I love this city tonight
I love this city always
It bears its teeth like a light
And spits me out after days
Snow Patrol — October 2008
A Northern Irish band playing London — on the night before St Patrick’s Day. It really has been been quite a week.
In Snow Patrol’s home town of Belfast, as in Omagh all those years ago, an outbreak of mindless violence has lent passion to the public desire for peace. Shootings carried out by dissident republicans of the ‘Real IRA’ and designed to break the peace process have proved to have the opposite effect.
In Washington, Michelle Obama dyed the White House fountains green and President Obama met with Martin McGuinness.
Each event was unthinkable a decade ago, but with the IRA disbanded and Sinn Fein committed to achieving peace through democratic means, the branding of the gunmen as traitors by McGuinness has closed one full circle of the Irish peace process.
It’s been a long hard road to come this far, both for Ireland and for Snow Patrol. The band was formed in 1994 — the year my elder daughter was born and only twelve months after a massive IRA car bomb destroyed the office blocks of South Quay, just a mile away across the river here in London.
That was another world and another mindset, before the Good Friday Agreement brought all sides together and Omagh failed to split them. In the years since then, London’s eastern fringes have grown and thrived.
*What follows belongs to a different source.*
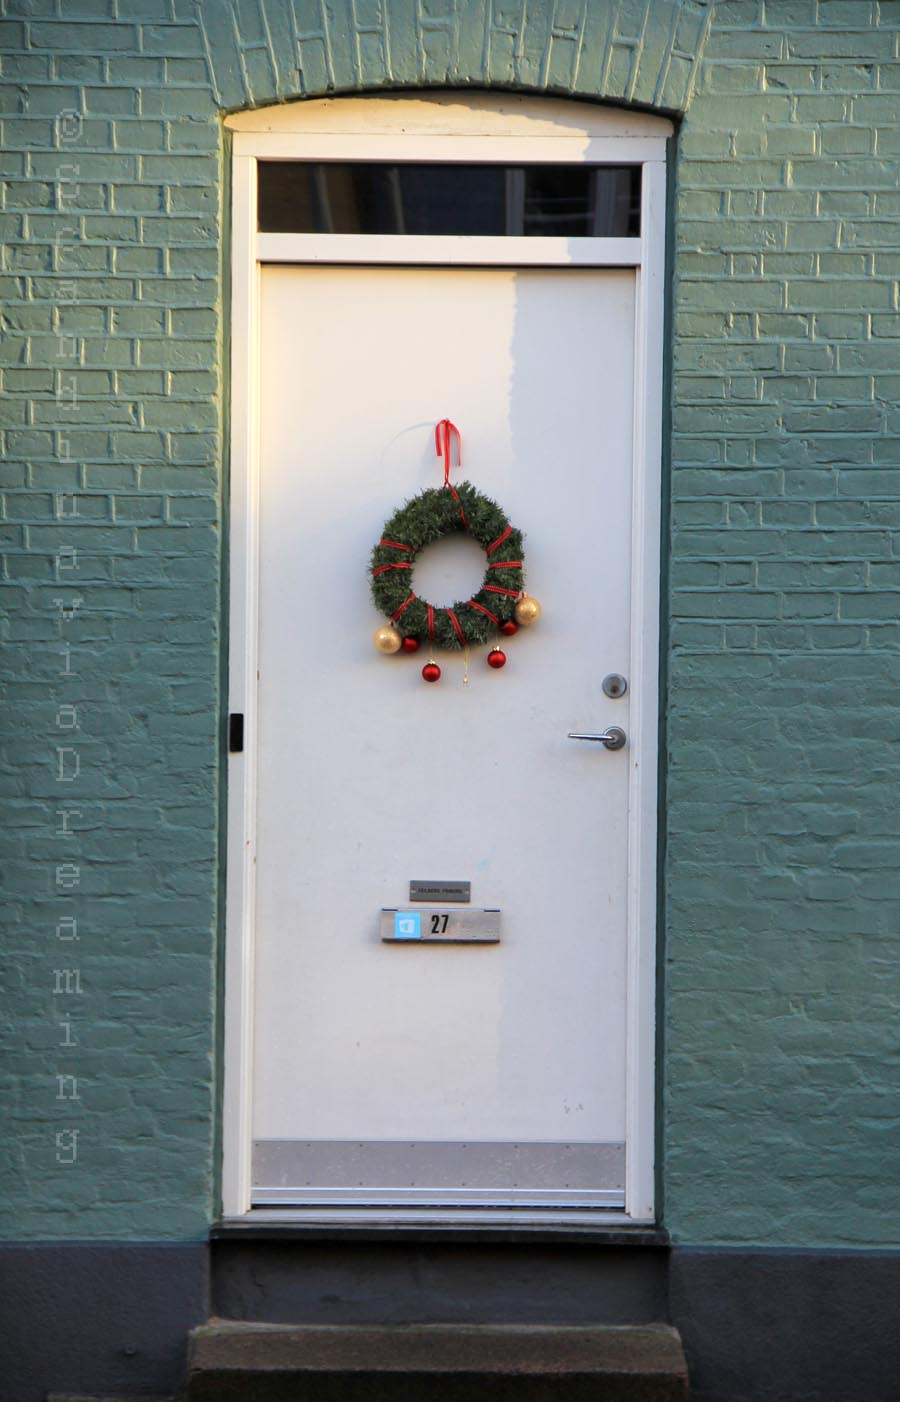 Porte de la maison bleue

Here in Greenwich, the birthplace of universal time, a new millennium was marked beneath this vaulting tented roof.
Dubbed a monstrous white elephant then, the elegant Millennium Dome has been transformed into a remarkable 20,000 seat arena for the greatest acts in the world today. In 2012, the O2 will host the Olympic basketball and gymnastics.
After a birth into critical obscurity, it might be said that Snow Patrol spent their first decade across the Millennium fading further still from view. It wasn’t until 2003 and release of their third album, Final Straw, that things began to change.
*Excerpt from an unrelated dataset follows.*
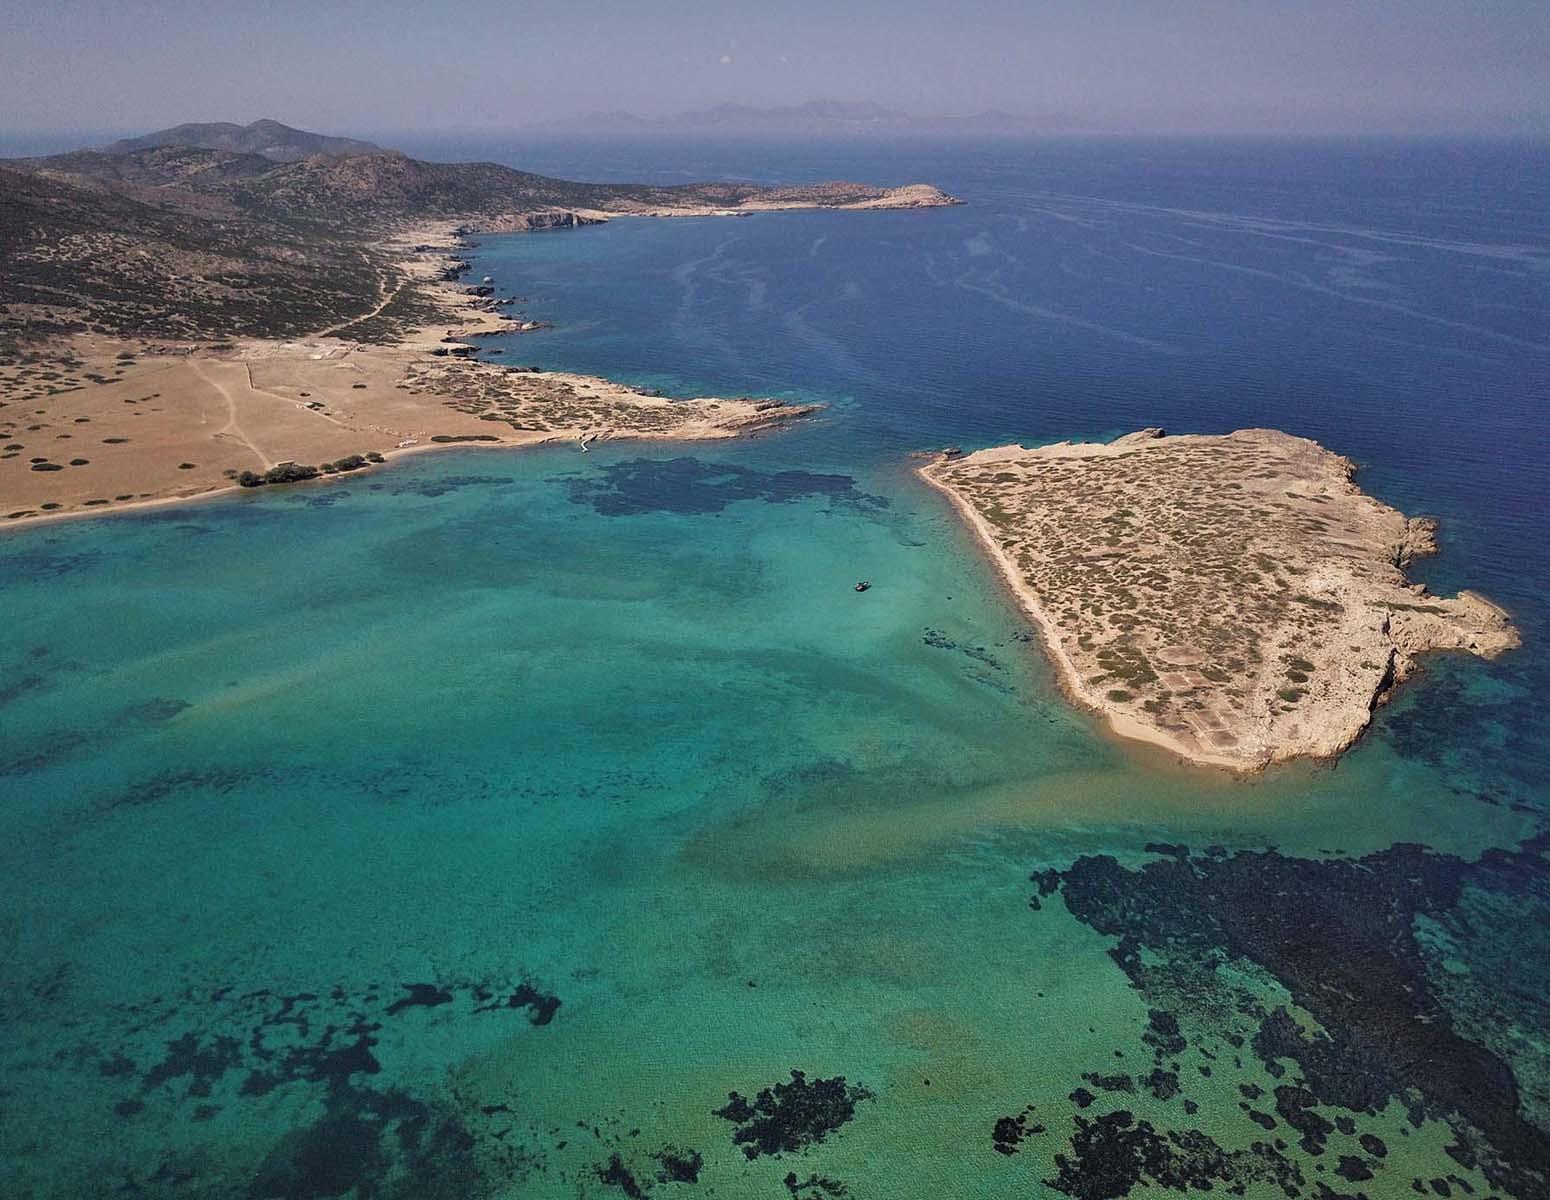 Mykonos - Paros - Antiparos - Despotiko - Private day cruise | Don Blue RIB boat rental

With festival appearances in Glasgow and Glastonbury, a showing at Live8 in 2005 and a spell as U2’s support band on tour, gradually they grew a following.
Finally (almost ironically for an indie band) it was the featuring of the mesmeric Chasing Cars on primetime TV series Grey’s Anatomy which dragged them blinking towards the limelight.
A string of successful singles followed through 2006 from the slick and polished Eyes Open, and with a new album out last autumn, Snow Patrol hit the road this spring with the glow of confidence and A Hundred Million Suns behind them.
And so here we are in Greenwich, as chatty lead man Gary Lightbody would say. This might be Europe’s largest and most spectacular indoor concert hall, but there’s an immediacy to the show this evening which reflects the band’s Irish warmth and their humility in getting here.
I’ll sing it, and you can sing it back to me invites Lightbody as the audience provide the backing track to Shut Your Eyes. And so we do for this song, with its greatest ever guitar riff of the 2000s, and through many more to follow.
The new material is tried and tested well, beginning with a flawless vocal opening to If there’s a rocket… continuing atmospherically and optimistically across The Golden Floor, then bursting through Crack the Shutters to an energetic cut of Take Back the City.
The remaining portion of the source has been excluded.